Investors around the world have responded to improving economic fundamentals by sending equity prices soaring. For the year-to-date through Monday's close, the S&P 500 Index (SPX​) is up by more than 15%, the German DAX Index by over 13%, and the Japanese Nikkei 225 by over 16%, per Yahoo Finance. Another potential boost to U.S. stocks in 2018: Goldman gives 80% probability that a tax reform package will emerge from Congress early in 2018, with a positive impact on corporate earnings. (For more, see also: Why the S&P 500 Could Rise to Over 3,000 in 2018.)

S&P 500 Earnings Per Share TTM Forward Estimate Chart

​Earnings Headed Upward

EPS for S&P 500 companies have risen by 6.2% in the third quarter, and revenues by 5.9%, versus the same period in 2016. This is based on the 95% of companies that have reported through November 17, according to FactSet Research Systems Inc. Of those companies reporting so far, 74% delivered positive earnings surprises and 66% posted positive revenue surprises, both of these figures being above their five-year averages. Reported EPS and revenues have beaten estimates by average margins of 4.5% and 1.1%, respectively, FactSet adds. Moreover, seven of the 11 S&P 500 sectors, led by energy, have reported overall earnings increases for 3Q 2017.

Effect of High Expectations

The 12-month forward P/E ratio on the S&P 500 is now 18.0, per FactSet, above its five-year and ten-year averages, respectively 15.7 and 14.1. The forward P/E also has risen from 17.8 on September 30, at the close of 3Q 2017. Increasing concerns about rich valuations may pose a potential obstacle to further share price gains.
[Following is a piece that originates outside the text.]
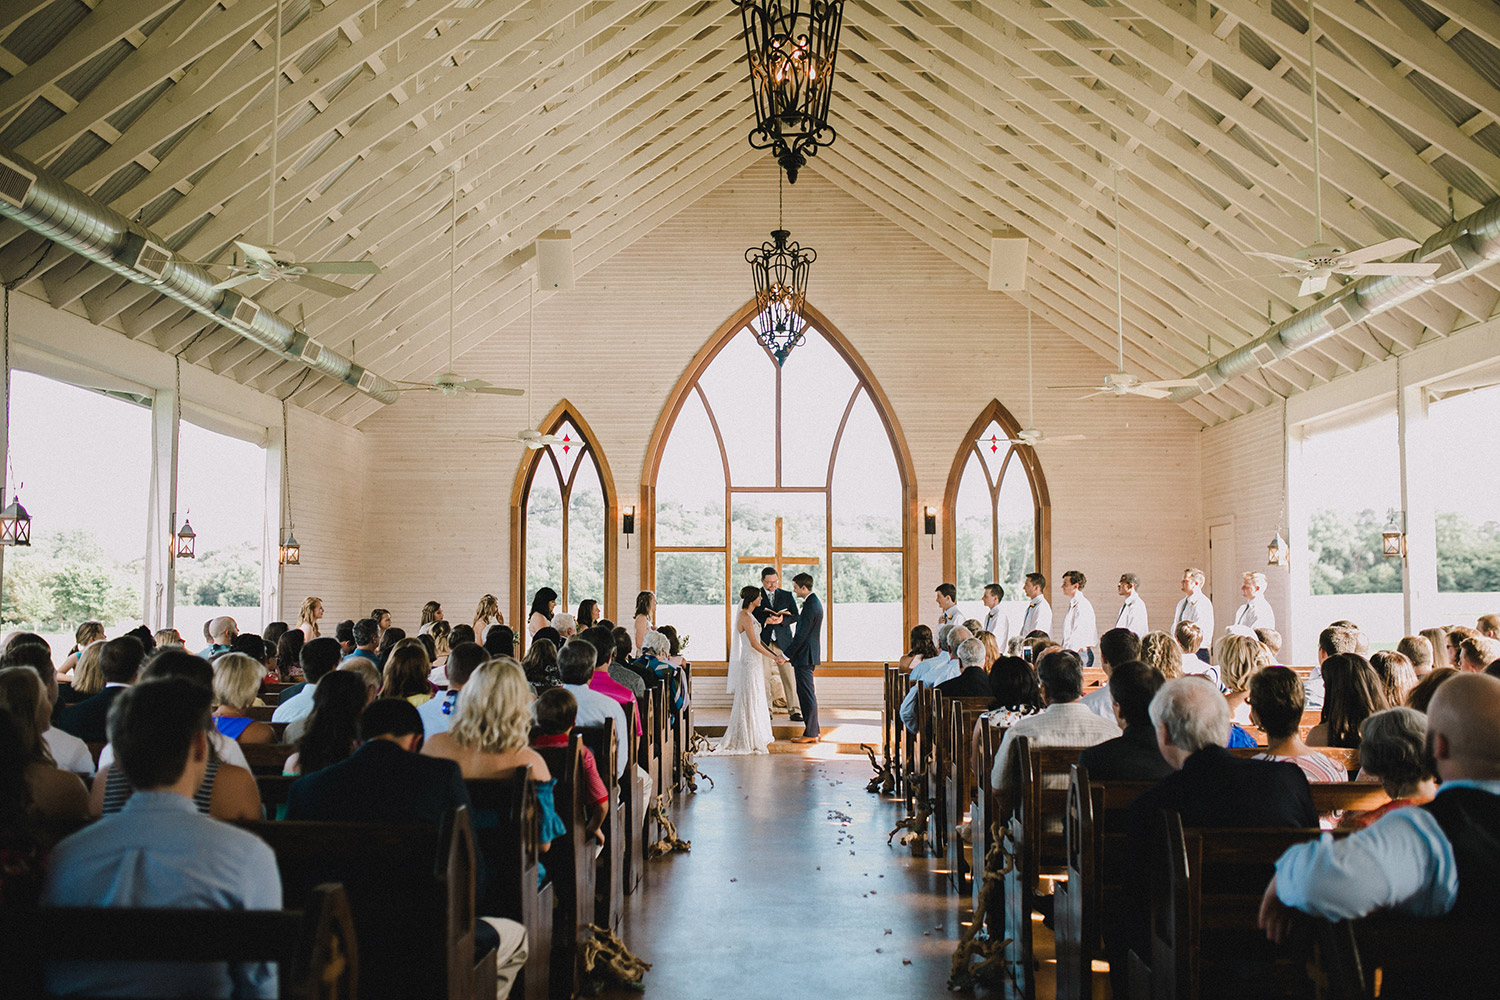 Brooks at Weatherford ceremony in White country chapel with gothic windows

Meanwhile, continuing a trend that has been noted for much of 2017, FactSet observes that "the market is rewarding upside earnings surprises less than average and punishing downside earnings surprises more than average." Looking at price moves from two days before earnings releases through two days afterwards, FactSet finds that, in 3Q 2017, positive surprises are associated with average gains of +0.6%, while negative surprises are producing average losses of -3.5%. By comparison, the five-year averages were, respectively, +1.2% and -2.4%.

SPYG Chart

SPYG data by YCharts

​Looking Ahead

The consensus of analysts is that S&P 500 EPS will grow, year-over-year, by 10.0%, 10.5% and 10.1% for 4Q 2017, 1Q 2018 and 2Q 2018, respectively, per FactSet. The projections for revenue growth are 6.4%, 6.6% and 6.3%, respectively. For full year 2017, growth rates of 9.5% in EPS and 6.3% in revenue are being forecasted.
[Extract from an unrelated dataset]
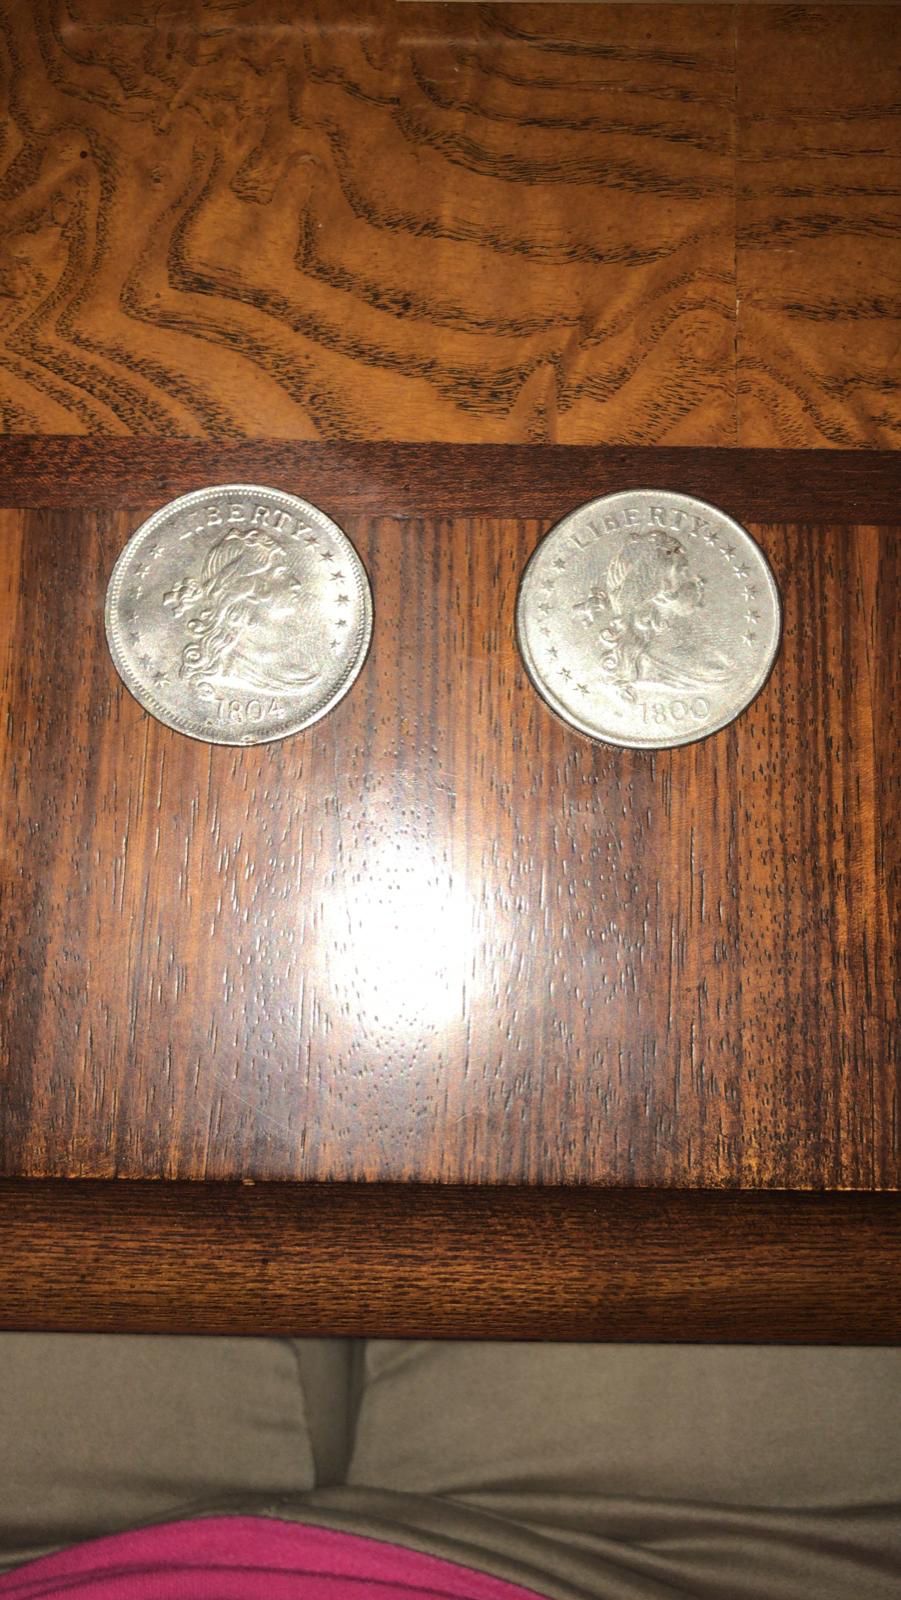 Year 1800 dollar coin TRADES ACCEPTED

Through what it calls a bottom-up analysis of analysts' estimates, FactSet derives a 12-month target price of 2,820.72 for the S&P 500, more than 9% above its close on November 20. Out of 11,035 ratings on S&P 500 stocks, FactSet notes that 49% are Buys, 46% are Holds and 5% are Sells.

Beware the Fed

Last week, a number of key markets around the globe endured short-lived pullbacks, but disappointed bearish short sellers by rebounding as the result of vigorous buying on the dip, CNBC reports in another article. Even the prices of high yield, or junk bond, debt recovered after a brief selloff that some bears heralded as the harbinger of their long-awaited correction in equities prices. Last week, the S&P U.S. High Yield Corporate Bond Index returned quickly to its pre-selloff value, per Dow Jones S&P Indices.
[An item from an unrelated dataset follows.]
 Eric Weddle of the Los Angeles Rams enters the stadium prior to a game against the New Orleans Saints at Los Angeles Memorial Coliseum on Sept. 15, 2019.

On the other hand, Goldman Sachs has sounded a bearish note by predicting that the Federal Reserve will raise interest rates four times in 2018, in response to strong economic and employment growth, per Reuters. Prominent bullish strategists Joseph Zidle of Richard Bernstein Advisors and Jonathan Golub of Credit Suisse Group (CS) are among those who believe that excessive tightening by the Fed is the biggest risk for the equity markets. (For more, see also: Get Ready for the Coming Bear Market and Recession.)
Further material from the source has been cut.